How does your success rate compare with industry averages for the leading particle size reduction technologies? And what could trigger you to update the Nanoforming success rate guidance from the current 10% to 90% range, given how important it is to modeling output. What's your confidence Versus Q2, how is it versus Q2 on hitting your target of starting a proof of process in 2021? And would you say that I mean, you're making measurable progress at a rate consistent with that sentiment? Or is it more based on the tone of negotiations overall?
That's my question. Thanks.
So if I start and then hand over to Albert and maybe also Christian wants to chip in. As far as I understand, we are executing according to the plan. So I think that right now, I can confidently say that what we are good test targets, we are on the lay line to achieve them. Albert, would you like to take it from there?
Yes. So first of all, remember that we have not said that we have closed 8 projects. So we start the project when the purchase order is or the deal is signed. And then you have then the client has sort of the right to use the line when you start the project. And then you have also remember that we do a final report.
We go through the report with the client and so forth. So before you have the final closing meeting over the project, the project has not ended. So you cannot sort of completely draw the conclusion that we have ended because you take 20 minuteus 12 and you get 8. So that is one thing. We can also start the project, and that means that there is a lag between the start of the project and Wendy actually start the Nanoform on the line, because first you do the on boarding of the project, on boarding of the API, All the talks and screening and all these sort of phases before you start to form it physically on the line.
So I would say that it's too early to calculate the number like you did. But we have previously said that we have closed 4 projects so far, and we have not changed that sort of officially. Then when it comes to the probability of nanoforming on a general level, I would put it like this that the industry number for success forgoing from preclinical to clinical is 25. And the projects we have got so far are both projects where we have the clients have had a real need and a problem. And then the other one is the one where we have got sort of more from a technological evaluation point of view.

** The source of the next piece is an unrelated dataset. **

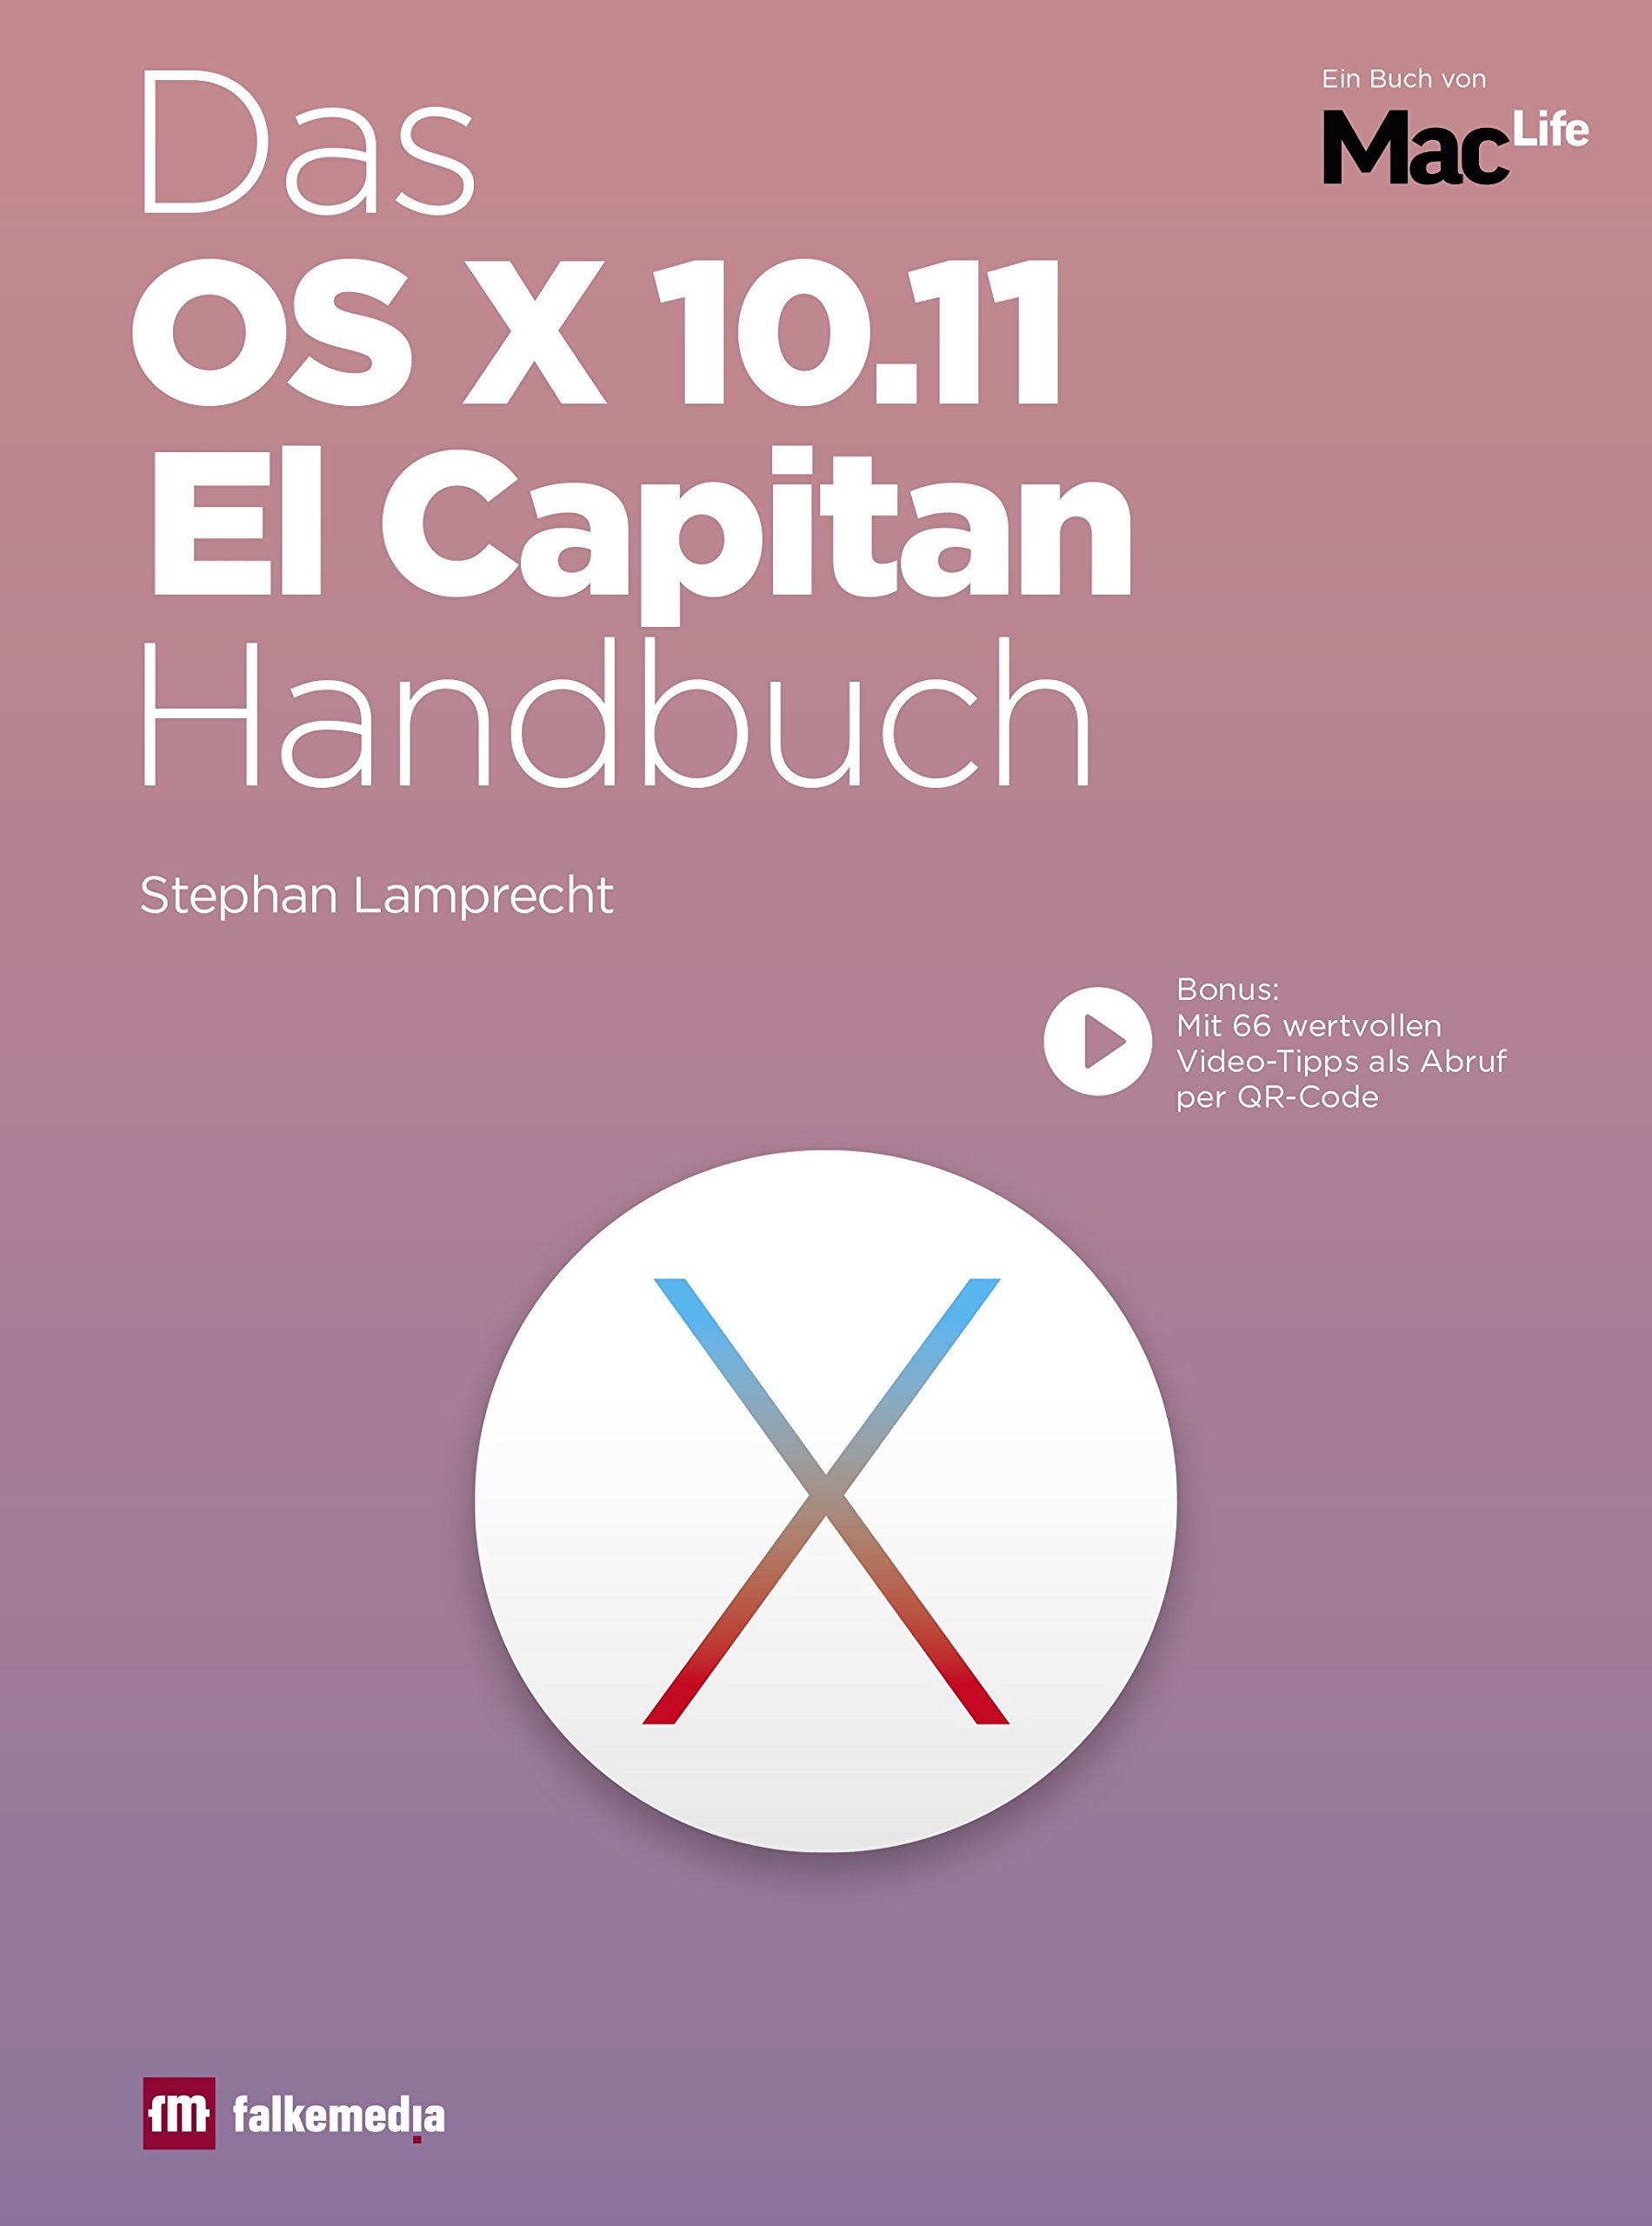 Das OS X 10.11 Apple El Capitan Handbuch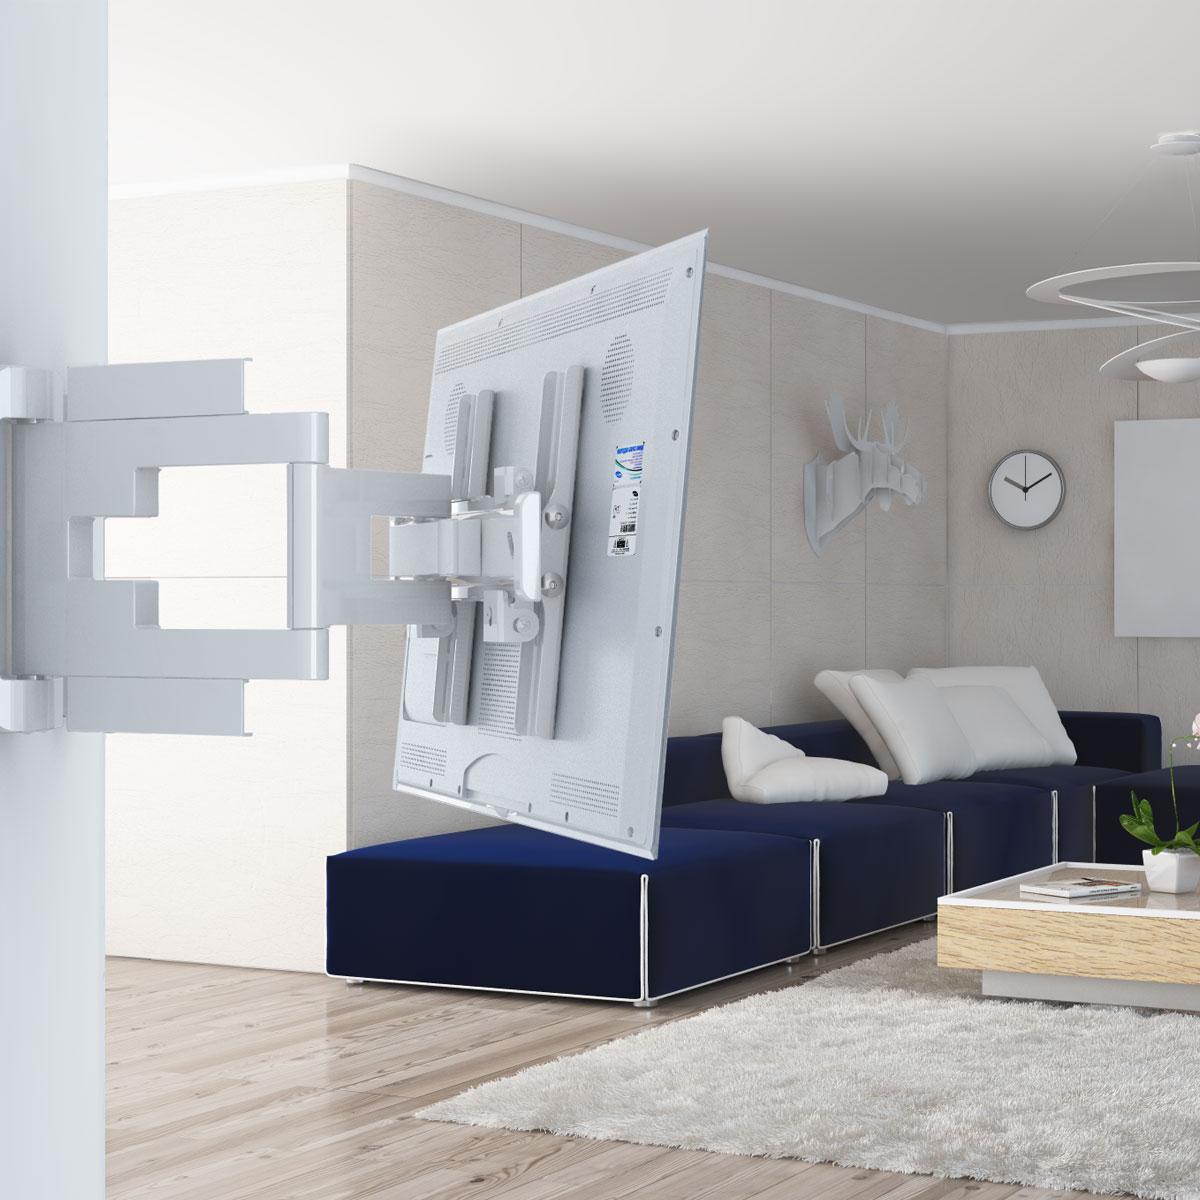 Holder LEDS-7015, White кронштейн для ТВ

So in some cases, we have got sort of normal model compounds. In some cases, we have got compounds that are notoriously difficult, that nobody has ever been able to do anything smart with them. Our star map is, of course, something that we foresee can improve the probability of success for us. So if we screen 1,000 compounds and give 3 of them has a suggestion to clients that these are the ones we should, for example, put through our lines. Then the probability of success will be totally different in that kind of scenario when compared to when clients send us their 3 most notoriously difficult compounds.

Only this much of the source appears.